_TASK REQUIREMENTS_. Reproduce exactly the lines below from the one containing "These Shamrock Shake" through the one containing "Wonder House Books", including both, and nothing else.

_DATA UNDER STUDY_.
::::::::

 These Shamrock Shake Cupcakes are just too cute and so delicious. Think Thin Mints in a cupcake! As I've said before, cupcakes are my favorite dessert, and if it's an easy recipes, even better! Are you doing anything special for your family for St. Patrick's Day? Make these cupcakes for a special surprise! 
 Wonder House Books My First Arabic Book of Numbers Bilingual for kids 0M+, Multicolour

::::::::

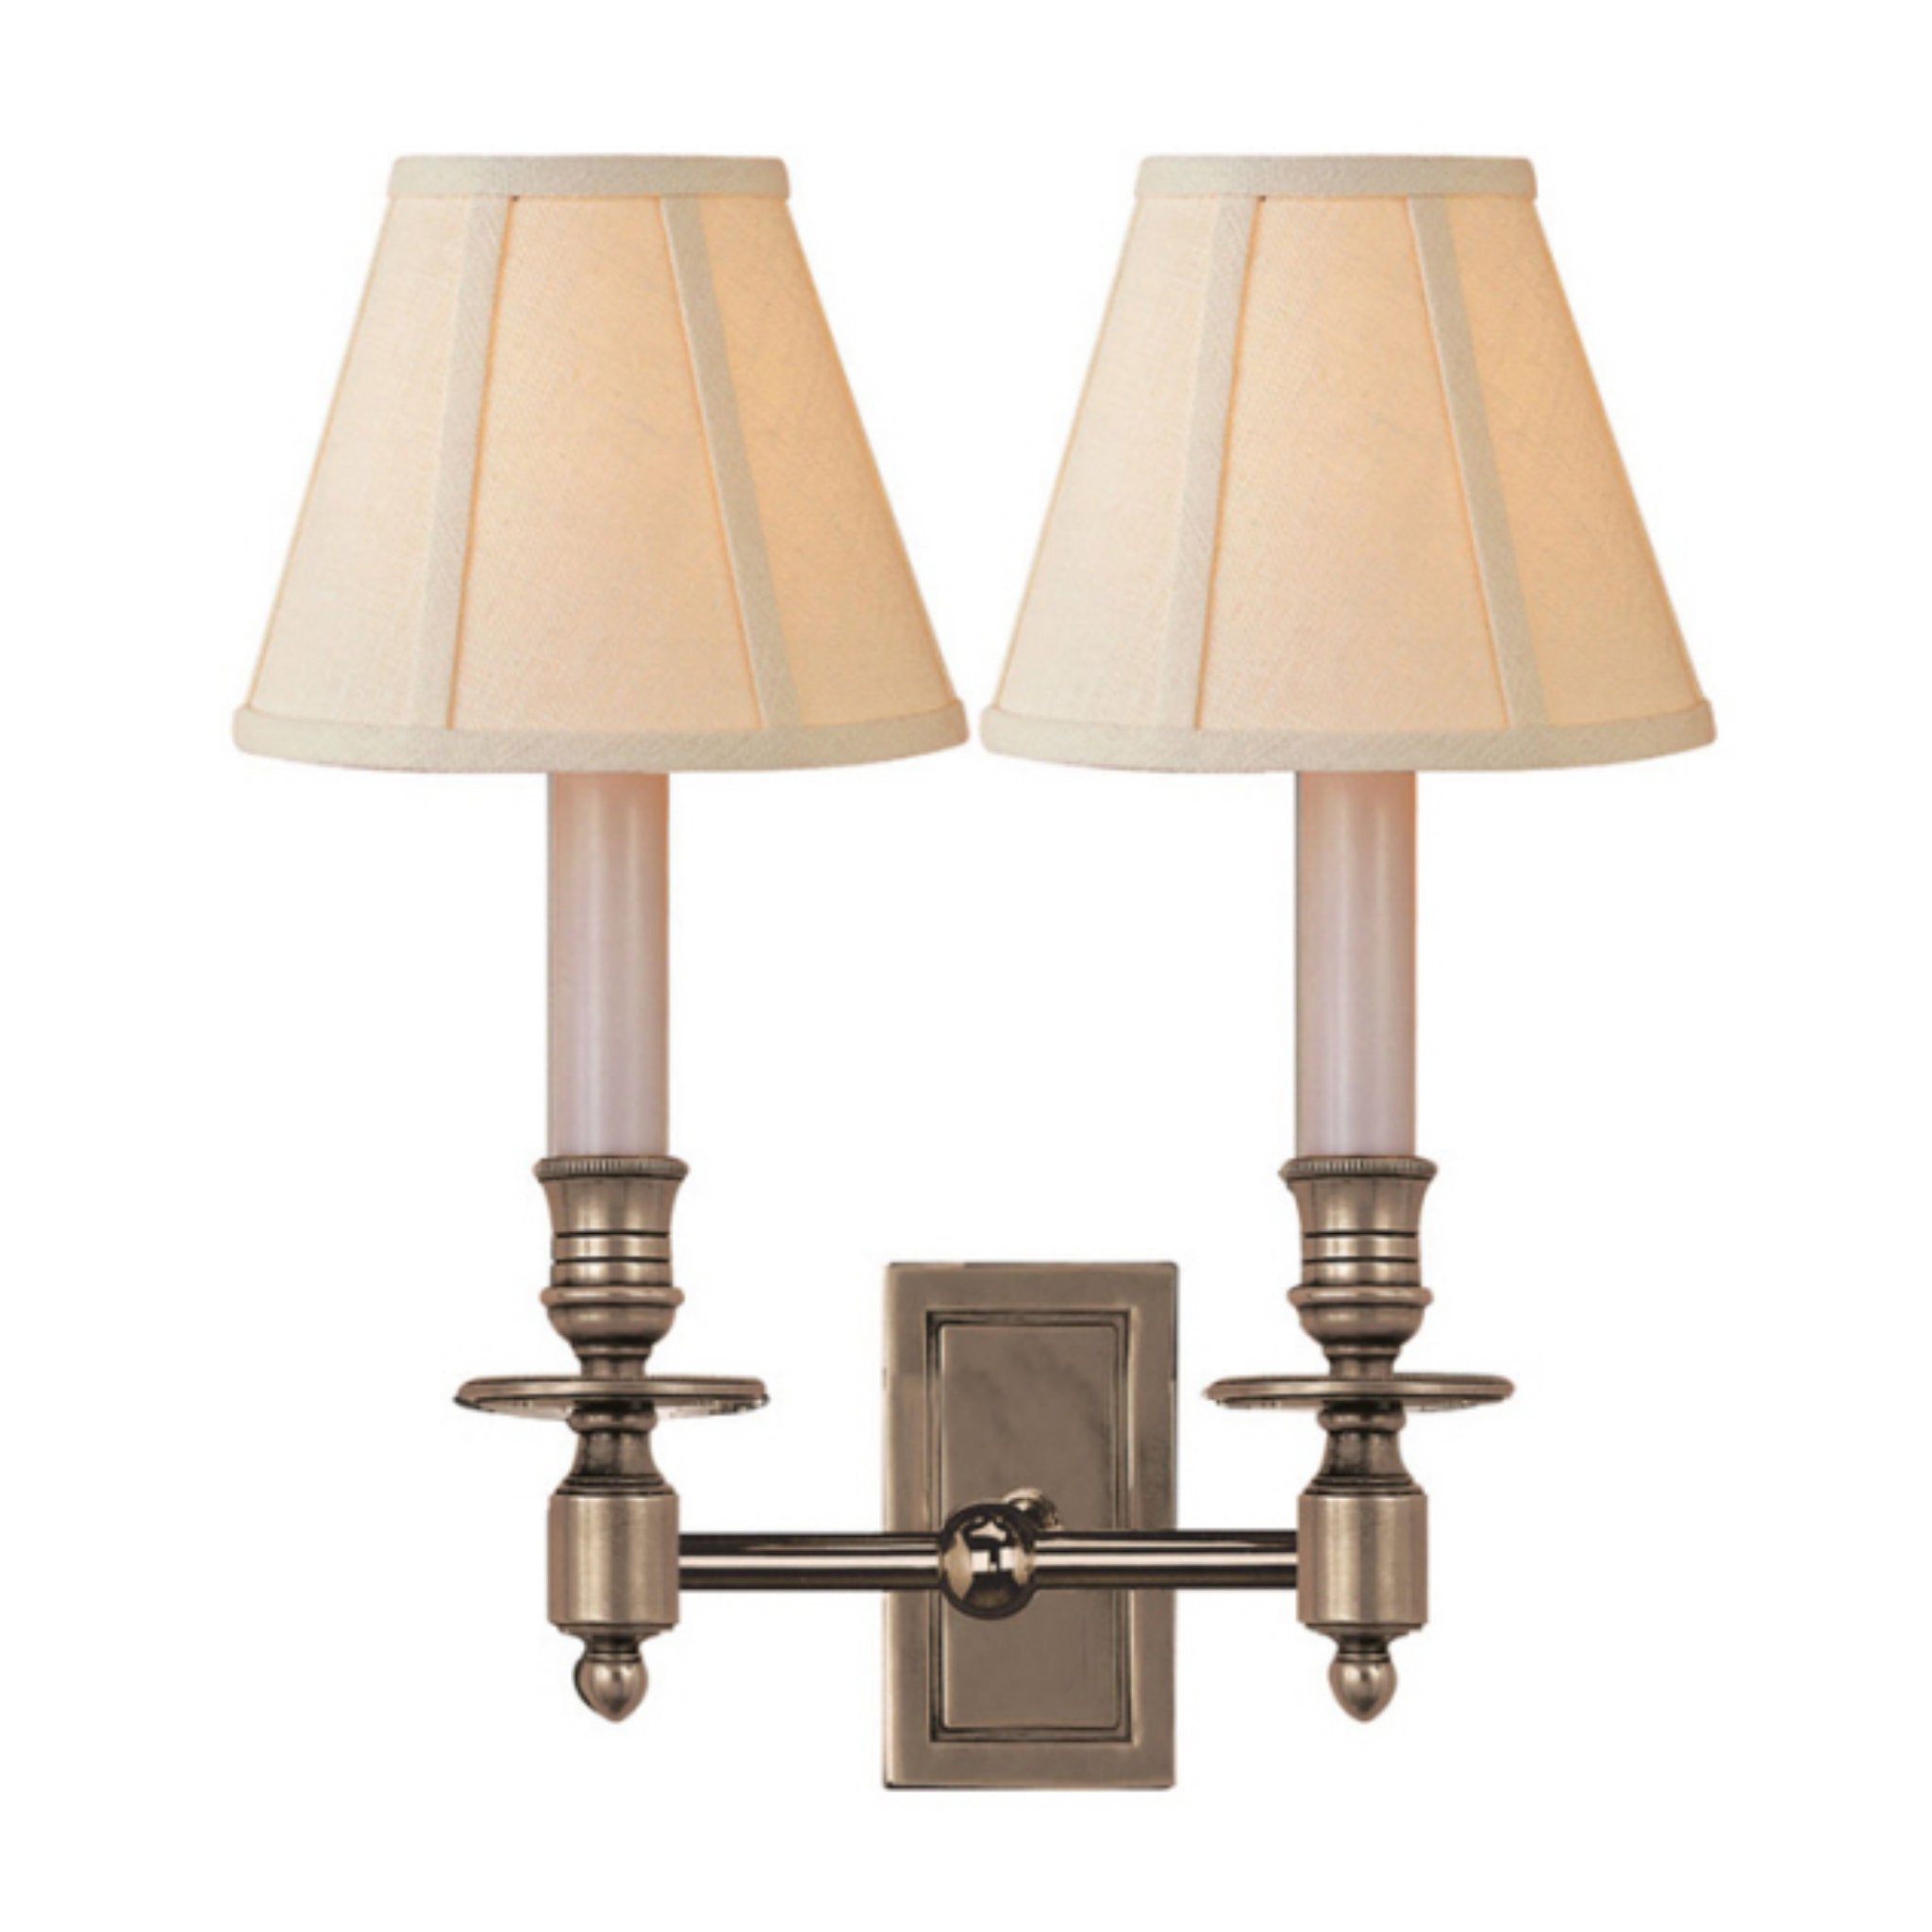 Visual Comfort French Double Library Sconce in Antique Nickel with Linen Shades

::::::::

_OUTPUT_.
 These Shamrock Shake Cupcakes are just too cute and so delicious. Think Thin Mints in a cupcake! As I've said before, cupcakes are my favorite dessert, and if it's an easy recipes, even better! Are you doing anything special for your family for St. Patrick's Day? Make these cupcakes for a special surprise! 
 Wonder House Books My First Arabic Book of Numbers Bilingual for kids 0M+, Multicolour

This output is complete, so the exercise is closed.